Reworking of https://github.com/3Top/word2vec-api to add:
- deployment via ssl on nginx / uwsgi
- TODO: meaningful errors when a term is not available
- TODO: Cleaned Output
Simple web service providing a word embedding API.
The methods are based on Gensim Word2Vec implementation.
Parameters are set in conf.py for ease of use with uwsgi
- This variant of word2vec-api was developed on an AWS Centos x64 6.5 instance using Pycharm 4.5.3
- The main requirement was enough ram to load the Google News model, so an m3.xlarge (16Gb ram) instance was used.
- A virtualenv with Python 2.7.9 was created, and populated with the provided requirements.txt.
- Note that to get Scipy and Numpy working properly for gensim you may have to install yum packages as root, see the specific documentation for installing those packages for your OS.
- To run this as non-root user, you may have to create and permission /var/log/uwsgi.log appropriately.

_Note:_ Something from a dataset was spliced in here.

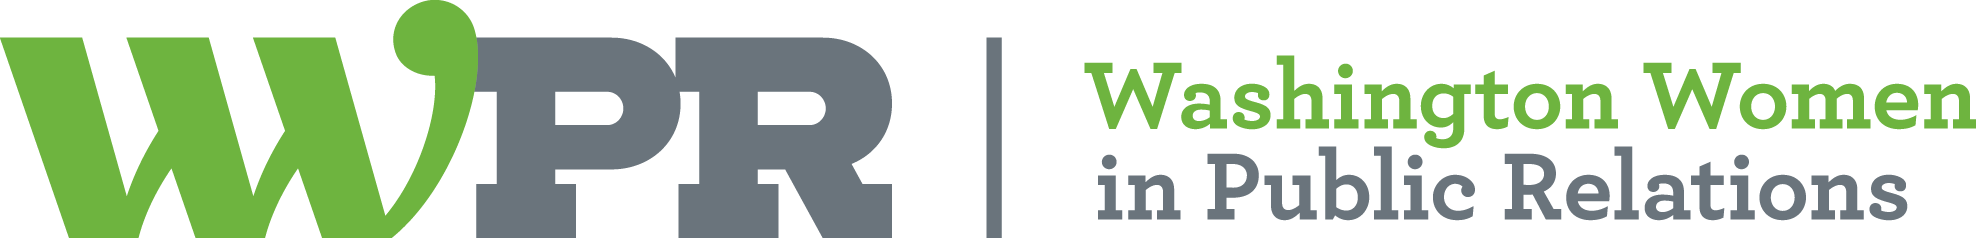 WWPR Washington Women in PR Logo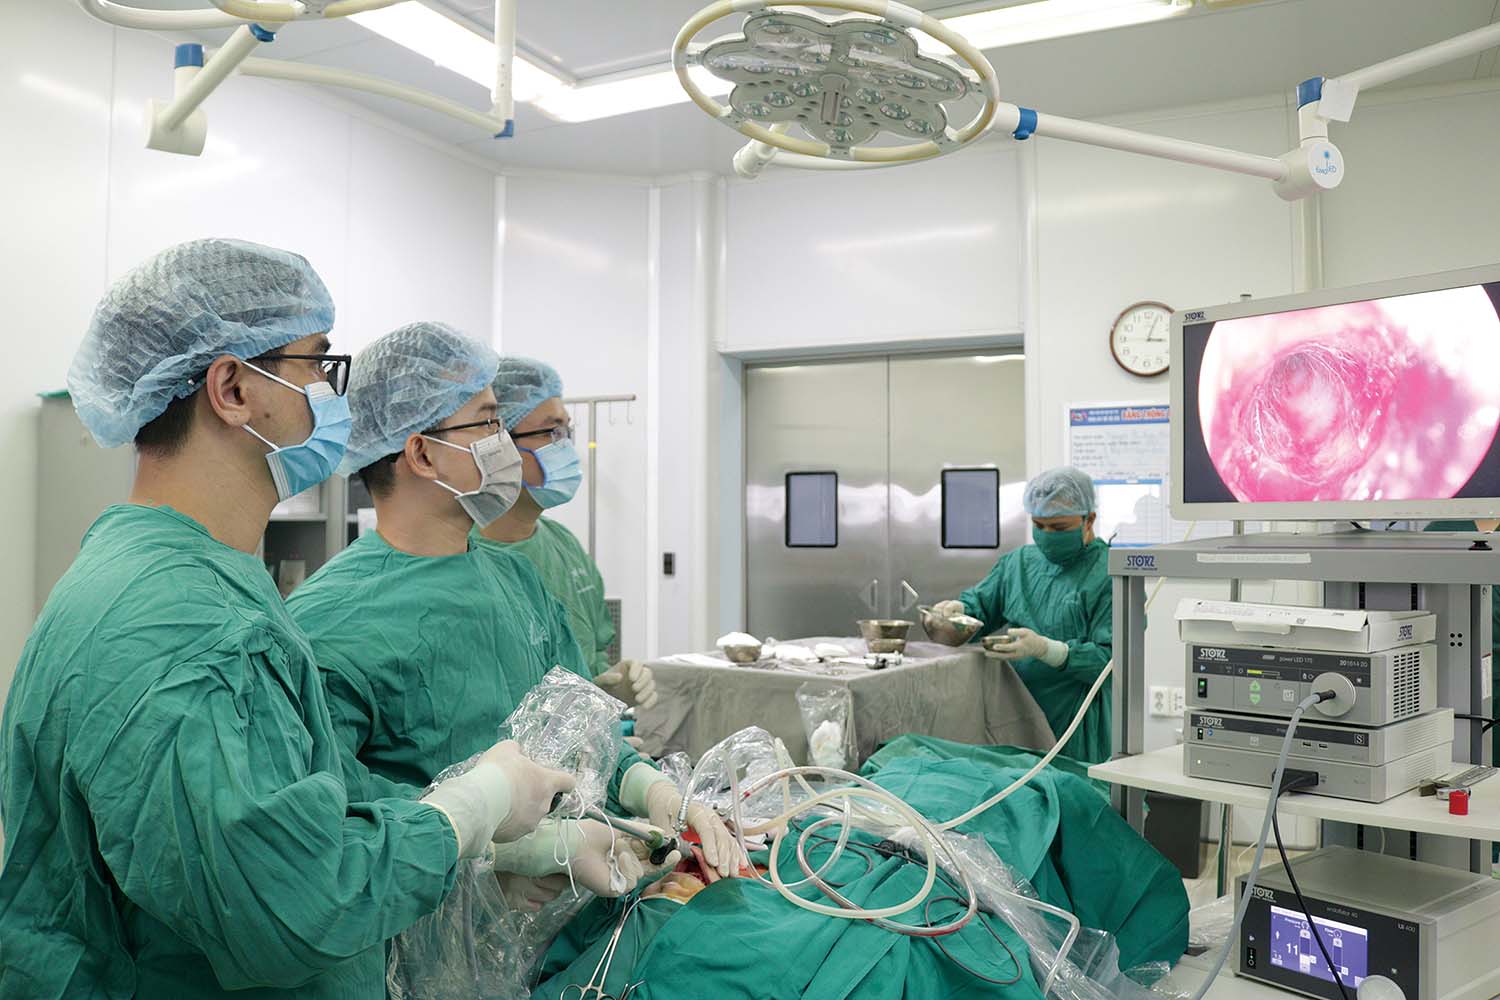 Trang thiết bị hiện đại dùng cho khám chữa bệnh tại Bệnh viện Hữu nghị Việt Tiệp

- Each time you launch the script it will import the model specified in the conf file - it is significantly faster if you unzip it first.
You can download the Google News Vectors as a test model using the following linux command:
wget https://www.googledrive.com/host/0B7XkCwpI5KDYNlNUTTlSS21pQmM -O GoogleNews-vectors-negative300.bin.gz
curl http://127.0.0.1:3031/n_similarity?ws1=Sushi&ws1=Shop&ws2=Japanese&ws2=Restaurant
curl http://127.0.0.1:3031/similarity?w1=Sushi&w2=Japanese
curl http://127.0.0.1:3031/most_similar?positive=indian&positive=food[&negative=][&topn=]
curl http://127.0.0.1:3031/model?word=restaurant
curl http://127.0.0.1:3031/search?q=shop
Note: The "model" method returns a base64 encoding of the Word2Vec vector.
In case you do not have domain specific data to train, it can be convenient to use a pretrained model. Please feel free to submit additions to this list through a pull request.
Model file | Number of dimensions | Corpus (size) | Vocabulary size | Author | Architecture | Training Algorithm | Context window - size | Web page |
---|---|---|---|---|---|---|---|---|
Google News | 300 | Google News (100B) | 3M | word2vec | negative sampling | BoW - ~5 | link | |
Freebase IDs | 1000 | Gooogle News (100B) | 1.4M | word2vec, skip-gram | ? | BoW - ~10 | link | |
Freebase names | 1000 | Gooogle News (100B) | 1.4M | word2vec, skip-gram | ? | BoW - ~10 | link | |
Wikipedia+Gigaword 5 | 50 | Wikipedia+Gigaword 5 (6B) | 400,000 | GloVe | GloVe | AdaGrad | 10+10 | link |
Wikipedia+Gigaword 5 | 100 | Wikipedia+Gigaword 5 (6B) | 400,000 | GloVe | GloVe | AdaGrad | 10+10 | link |
Wikipedia+Gigaword 5 | 200 | Wikipedia+Gigaword 5 (6B) | 400,000 | GloVe | GloVe | AdaGrad | 10+10 | link |
Wikipedia+Gigaword 5 | 300 | Wikipedia+Gigaword 5 (6B) | 400,000 | GloVe | GloVe | AdaGrad | 10+10 | link |
Common Crawl 42B | 300 | Common Crawl (42B) | ~2M | GloVe | GloVe | GloVe | AdaGrad | link |
Twitter (2B Tweets) | 25 | Twitter (27B) | ? | GloVe | GloVe | GloVe | AdaGrad | link |
Twitter (2B Tweets) | 50 | Twitter (27B) | ? | GloVe | GloVe | GloVe | AdaGrad | link |
Twitter (2B Tweets) | 100 | Twitter (27B) | ? | GloVe | GloVe | GloVe | AdaGrad | link |
Twitter (2B Tweets) | 200 | Twitter (27B) | ? | GloVe | GloVe | GloVe | AdaGrad | link |
Wikipedia dependency | 300 | Wikipedia (?) | 174,015 | Levy & Goldberg | word2vec modified | word2vec | syntactic dependencies | link |
DBPedia vectors | 1000 | Wikipedia (?) | ? | wiki2vec | word2vec | word2vec, skip-gram | BoW, 10 | link |